Sat Jul 29 12:00 PM -- 08:00 PM (PDT) @ Ballroom B
Event URL: https://genlaw.github.io »

Progress in generative AI depends not only on better model architectures, but on terabytes of scraped Flickr images, Wikipedia pages, Stack Overflow answers, and websites. But generative models ingest vast quantities of intellectual property (IP), which they can memorize and regurgitate verbatim. Several recently-filed lawsuits relate such memorization to copyright infringement. These lawsuits will lead to policies and legal rulings that define our ability, as ML researchers and practitioners, to acquire training data, and our responsibilities towards data owners and curators.

AI researchers will increasingly operate in a legal environment that is keenly interested in their work — an environment that may require future research into model architectures that conform to legal requirements. Understanding the law and contributing to its development will enable us to create safer, better, and practically useful models.

We’re excited to share a series of tutorials from renowned experts in both ML and law and panel discussions, where researchers in both disciplines can engage in semi-moderated conversation.

Our workshop will begin to build a comprehensive and precise synthesis of the legal issues at play. Beyond IP, the workshop will also address privacy and liability for dangerous, discriminatory, or misleading and manipulative outputs. It will take place on 29 July 2023, in Ballroom B.

Author Information

Katherine Lee (Google DeepMind)
A. Feder Cooper (Cornell University)
FatemehSadat Mireshghallah (University of California San Diego)
Madiha Zahrah (Cornell Tech)

Madiha is a Ph.D. student at Cornell Tech. Her research interests are at the intersection of technology, law and privacy.
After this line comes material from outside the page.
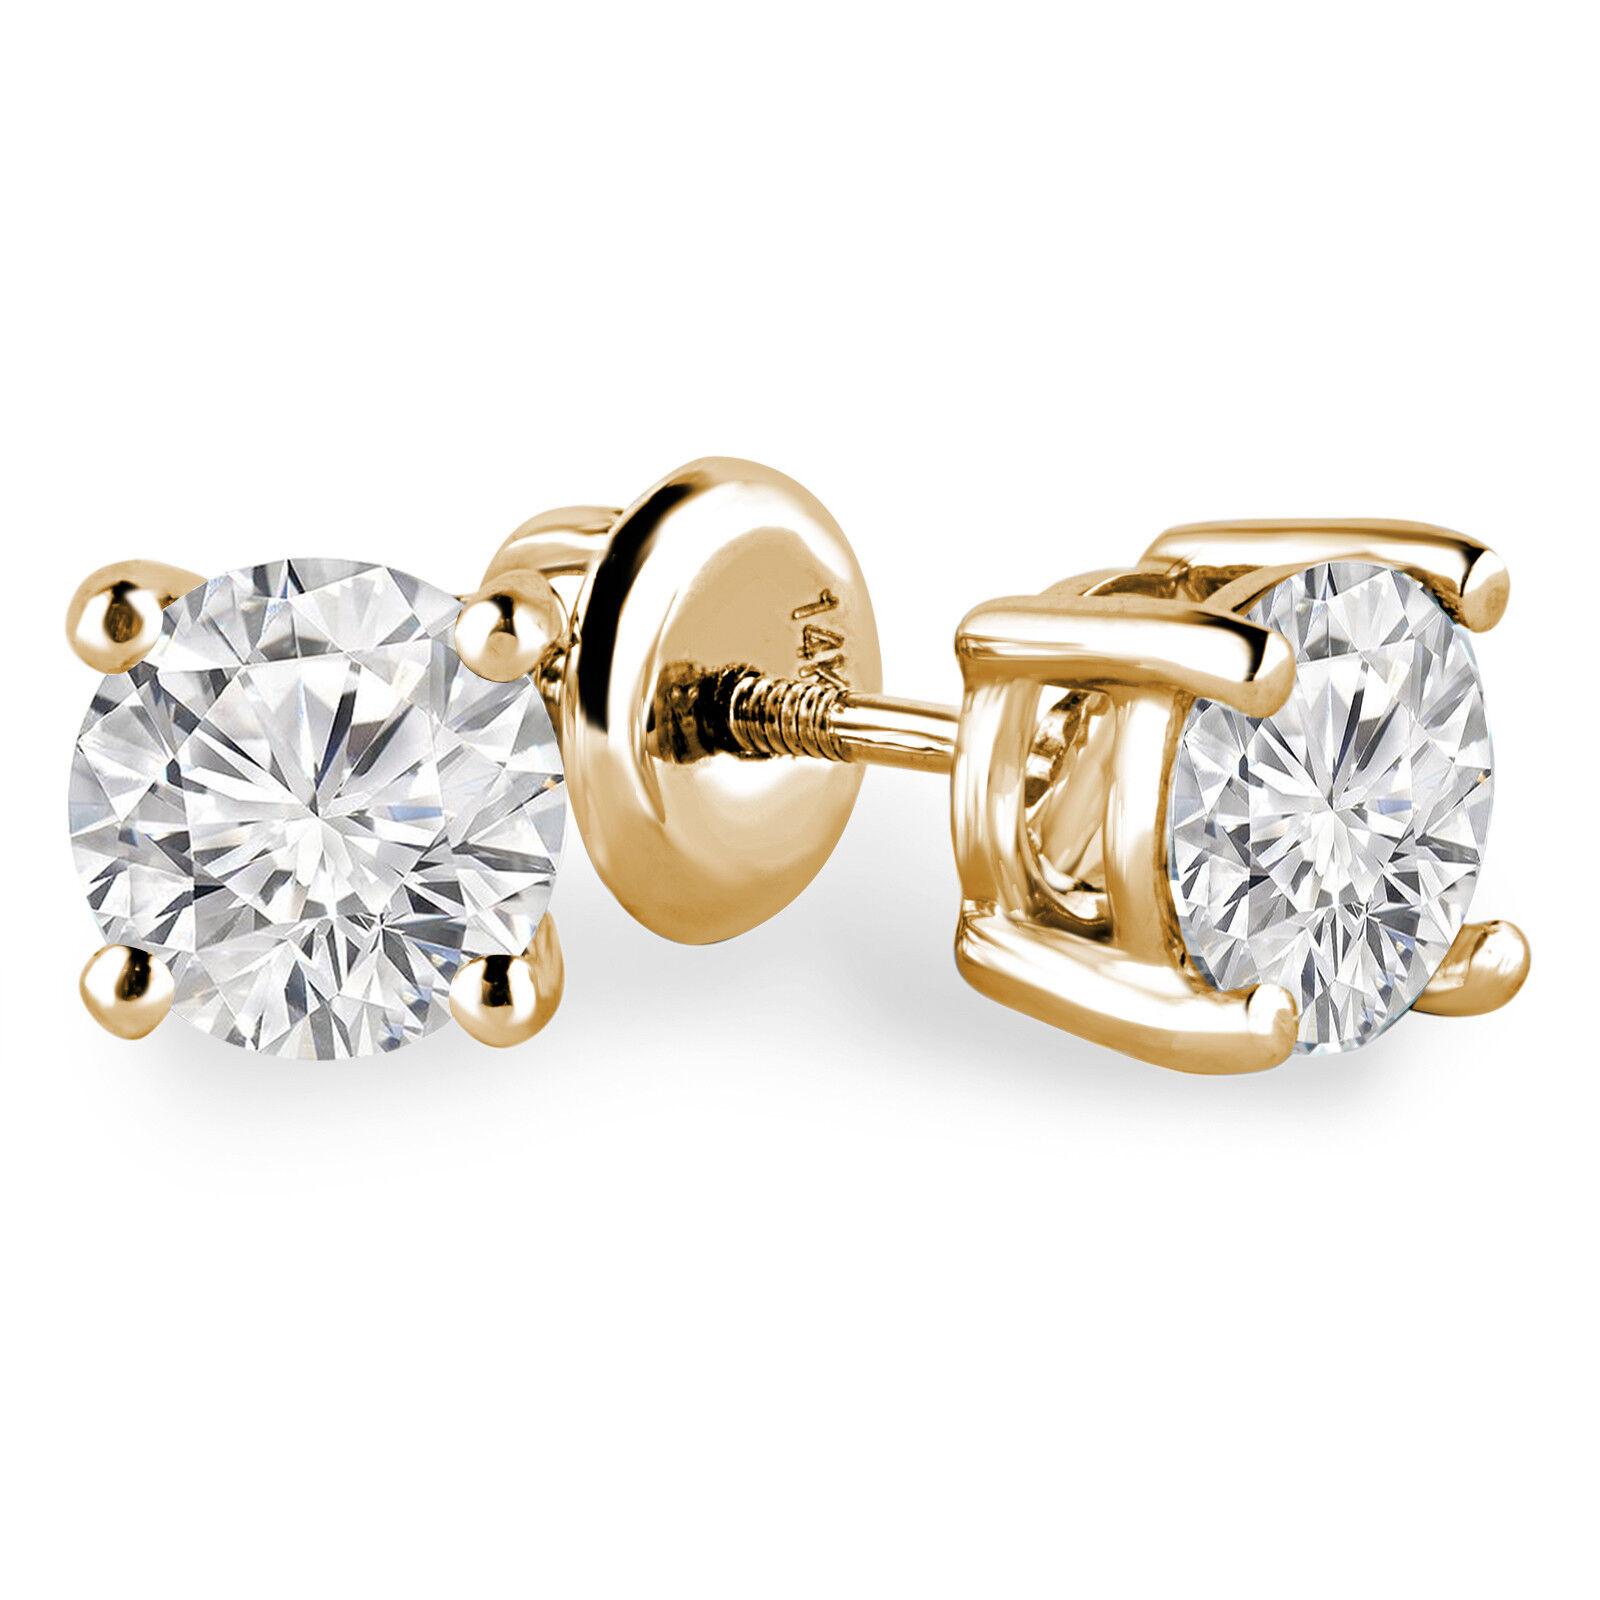 .32 CTW VS2 G ROUND DIAMOND STUD EARRINGS 14K YELLOW gold
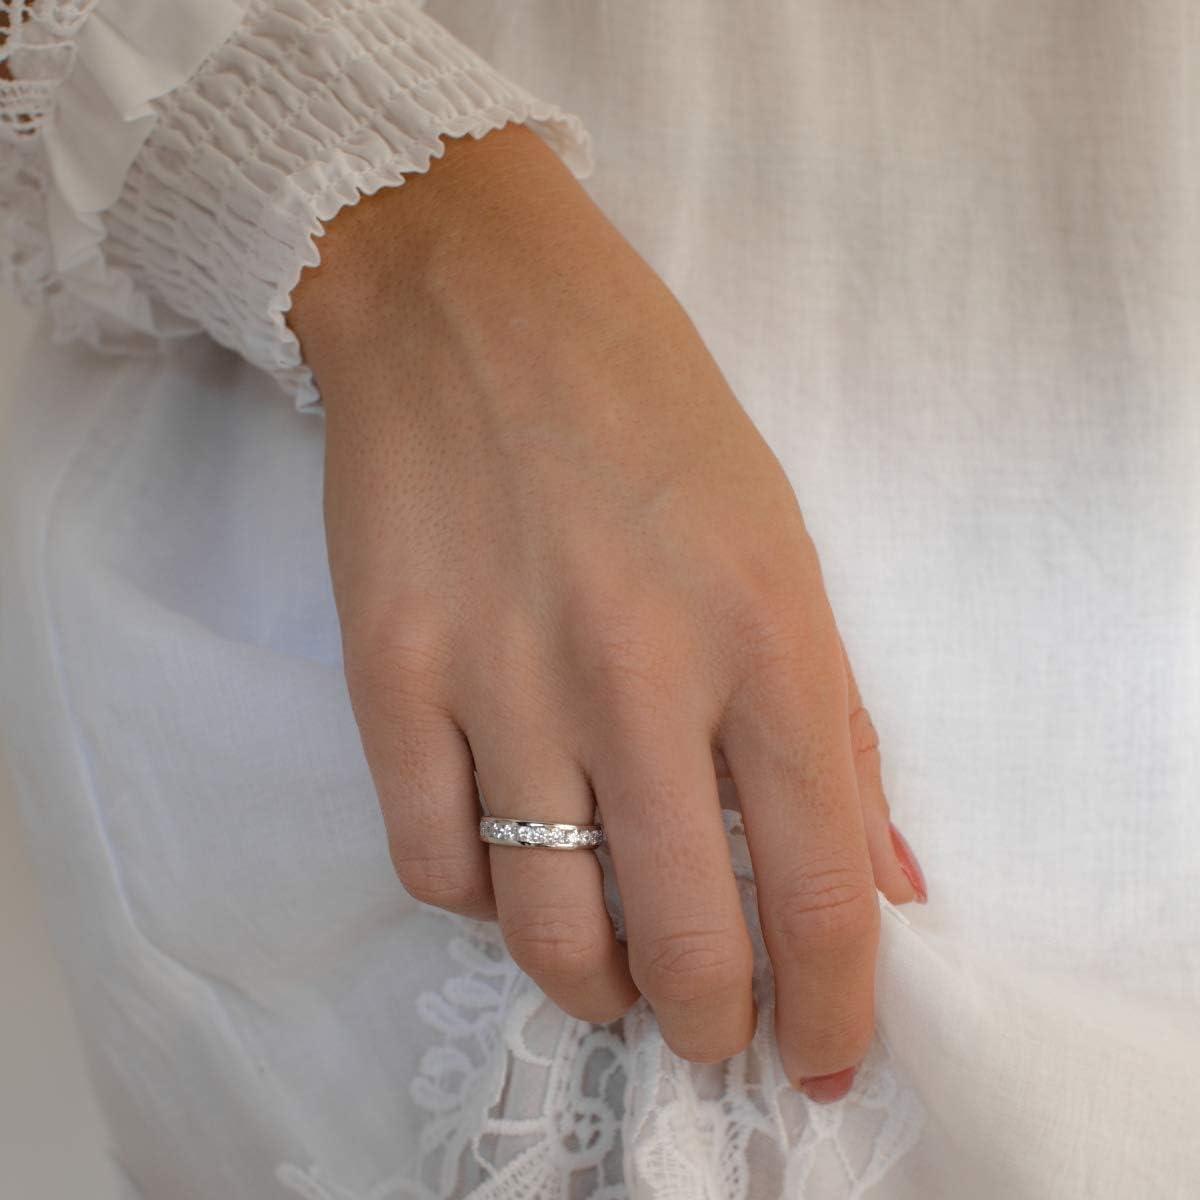 Tr/ésor 1934 Femme  Argent sterling 925  Argent|#Silver Balle   Blanc Zircon

Specifically, she is investigating the ways that communities use technical and legal affordances to express and enact their shared values, with a particular emphasis on privacy and openness.

James Grimmelmann (Cornell)
James Grimmelmann

I’m a professor at Cornell Law School and Cornell Tech, where I direct CTRL-ALT, the Cornell Tech Research Lab in Applied Law and Technology. I study how laws regulating software affect freedom, wealth, and power. I try to help lawyers and technologists understand each other. My research interests include search engines, digital copyright, online governance, content moderation, and other topics in computer and Internet law.

David Mimno (Cornell University)
Deep Ganguli (Anthropic)
Ludwig Schubert
Ludwig Schubert

Formerly researching mechanistic interpretability with Chris Olah at Google Brain, OpenAI; supporting clear explanations of machine learning at Distill.pub. Currently unaffiliated on sabbatical while supporting friends' research.